Sociology Index


Nomothetic means, of or pertaining to the study or discovery of general laws. Nomothetic means people's unique personalities can be understood as them having relatively greater or lesser amounts of traits that are consistently across people. Nomothetic explanation describes the effort to derive laws that explain types or categories of objective phenomena. Nomothetic explanation is based on what Immanuel Kant described as a tendency to generalize, and is typical for the natural sciences.

Examples of nomothetic explanation: Why do men murder their partners? Or, What are the causes of international violence? These explanations are known as nomothetic explanations.

Personality Traits: Idiographic vs. Nomothetic

Idiographic means people have unique personality structures, thus some traits are more important in understanding the structure of some people than others. However the whole issue of whether a trait exists in all people to a greater or lesser degree is complicated by different views of the trait perspective. 
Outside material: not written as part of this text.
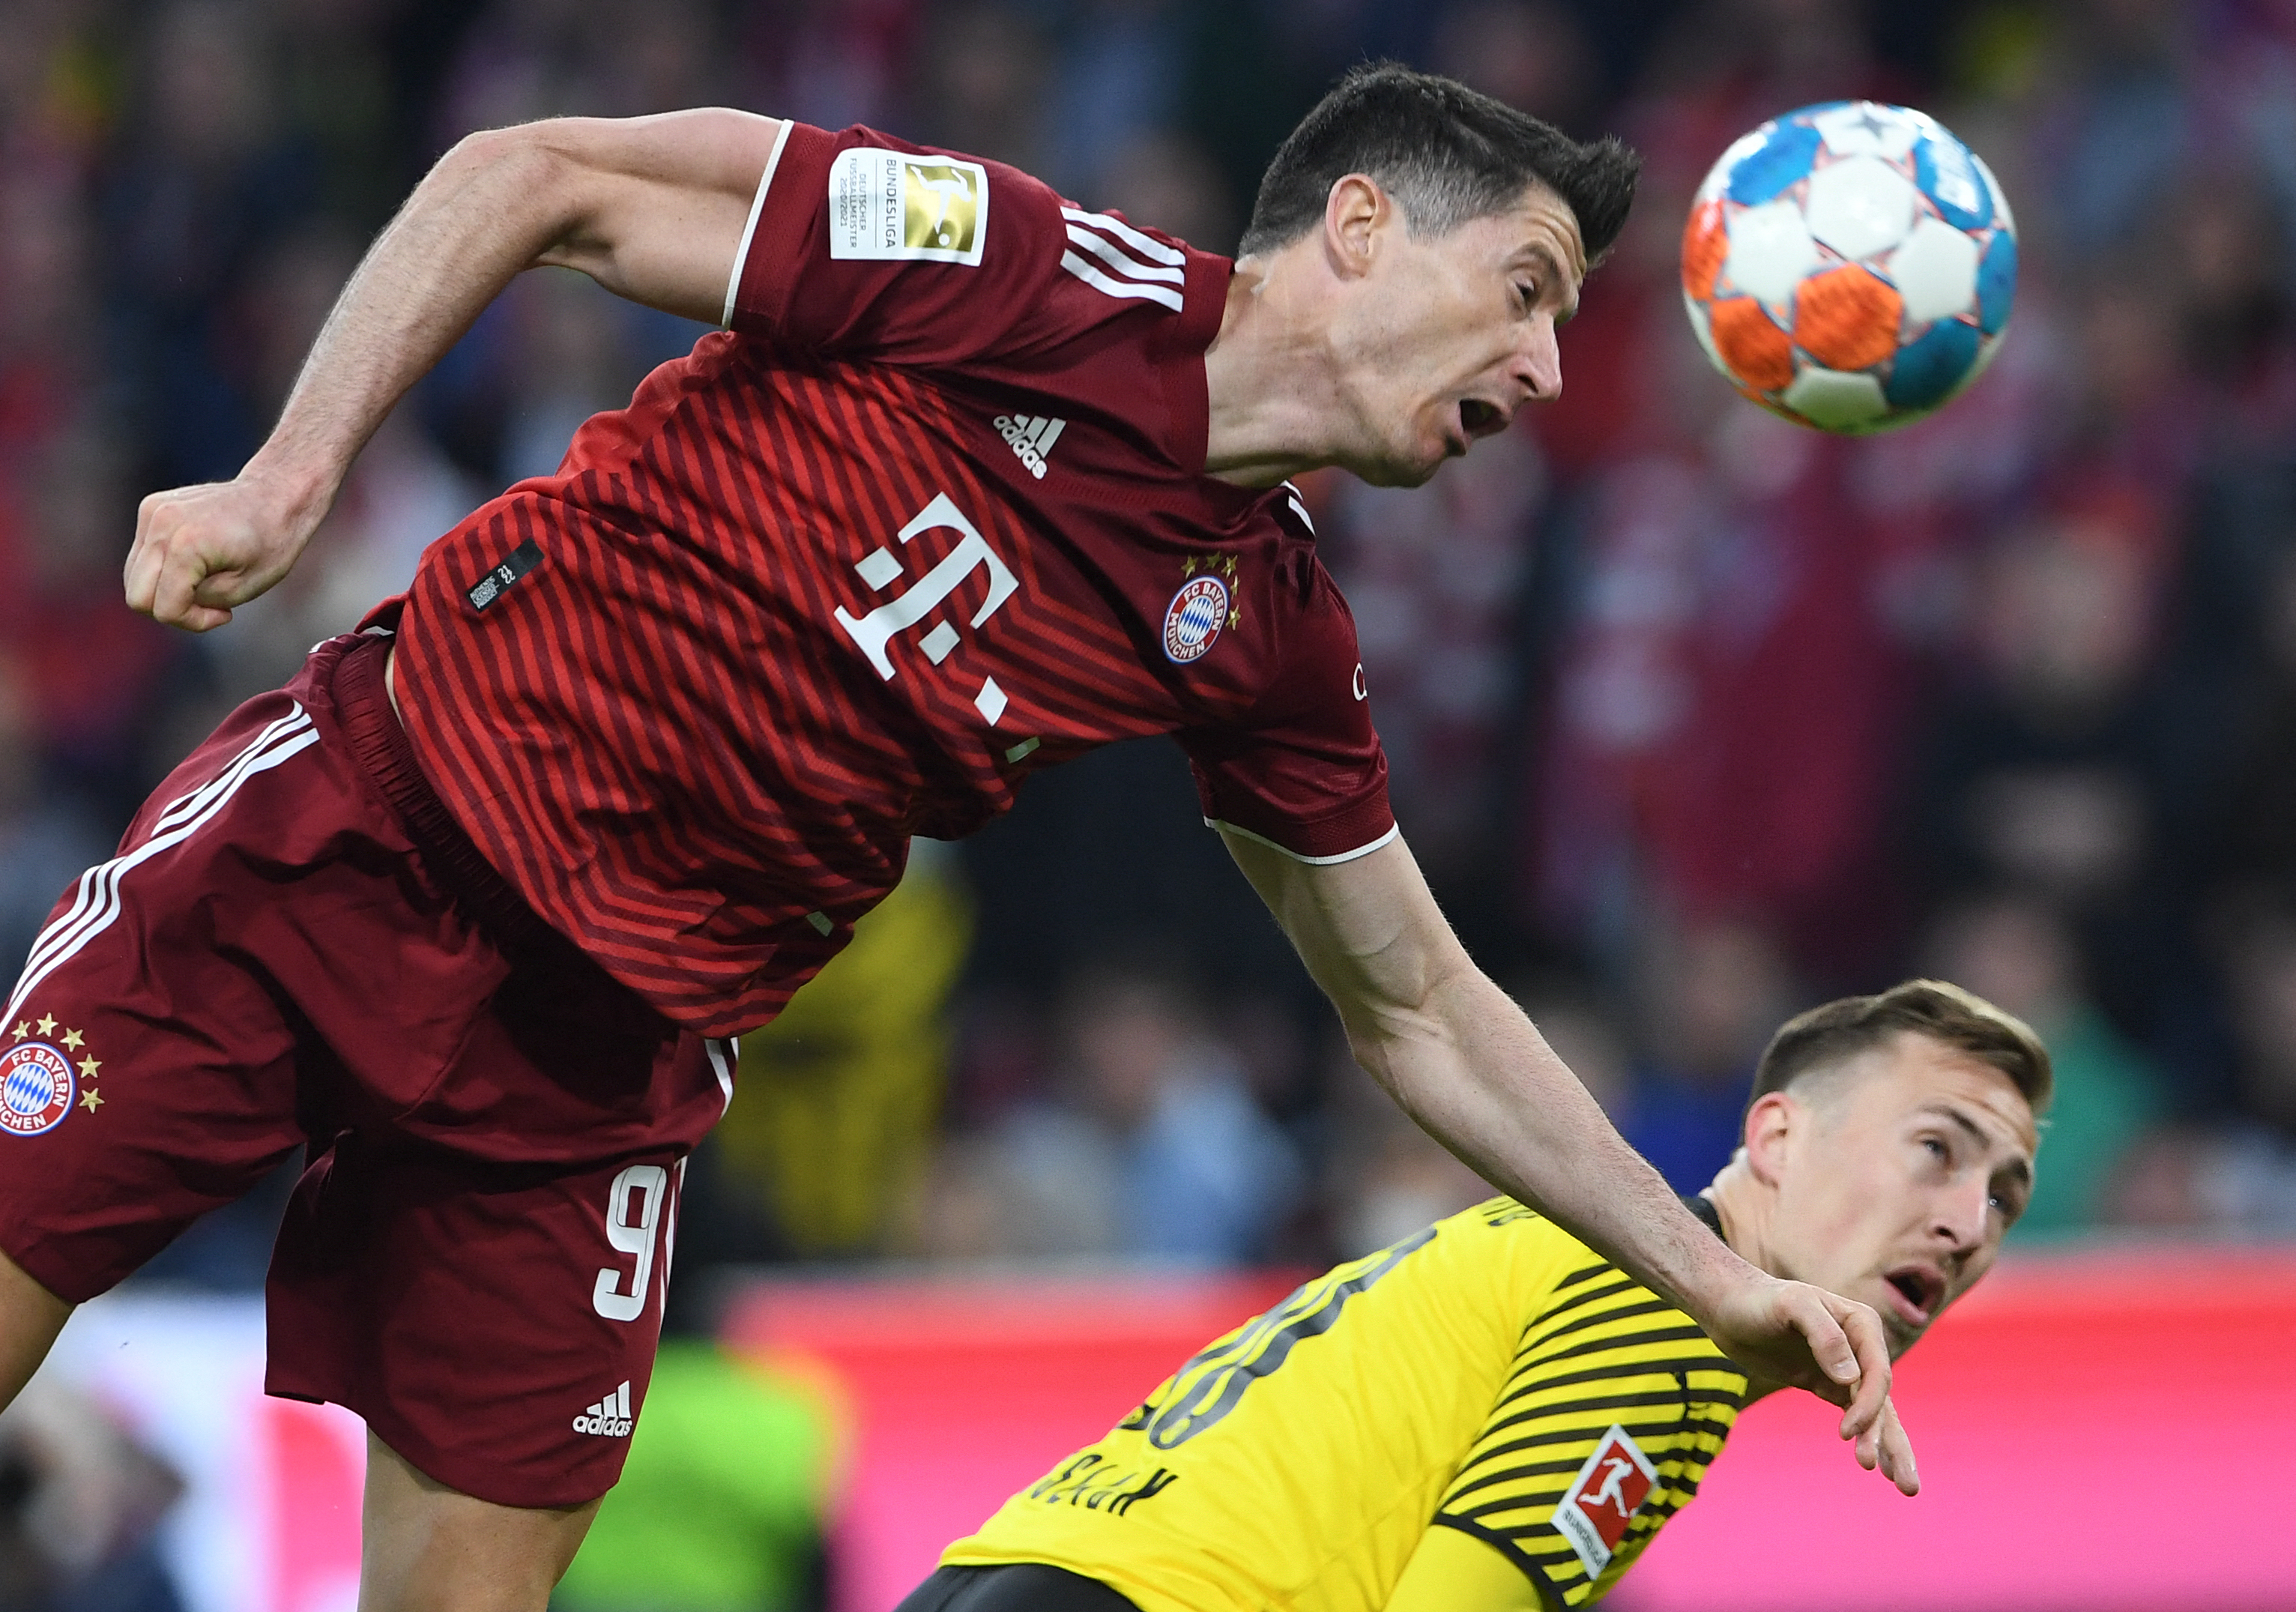 "Mi etapa en el Bayern ha terminado", afirma Lewandowski

There are two different views as to whether all traits exist in all people: Nomothetic literally means "proposition of the law" and is used in philosophy, psychology, and law with differing meanings.

In psychology, nomothetic measures are contrasted to ipsative or idiothetic measures, where nomothetic measures are measures that are observed on a relatively large sample and have a more general outlook while the idiographic approach is relating to a more singular case as is done in case studies.

The Nomothetic view emphasizes comparability among individuals but sees people as unique in their combination of traits. This viewpoint sees traits as having the same psychological meaning in everyone.

The belief is that people differ only in the amount of each trait. It is this which constitutes their uniqueness. This approach tends to use self-report personality questions, factor analysis etc. People differ in their positions along a continuum in the same set of traits.

Most contemporary psychologists tend towards a nomothetic approach (and the trait approach is often viewed solely as a nomothetic approach these days), but they are aware of how a trait may be slightly different from person to person in the way that it is expressed.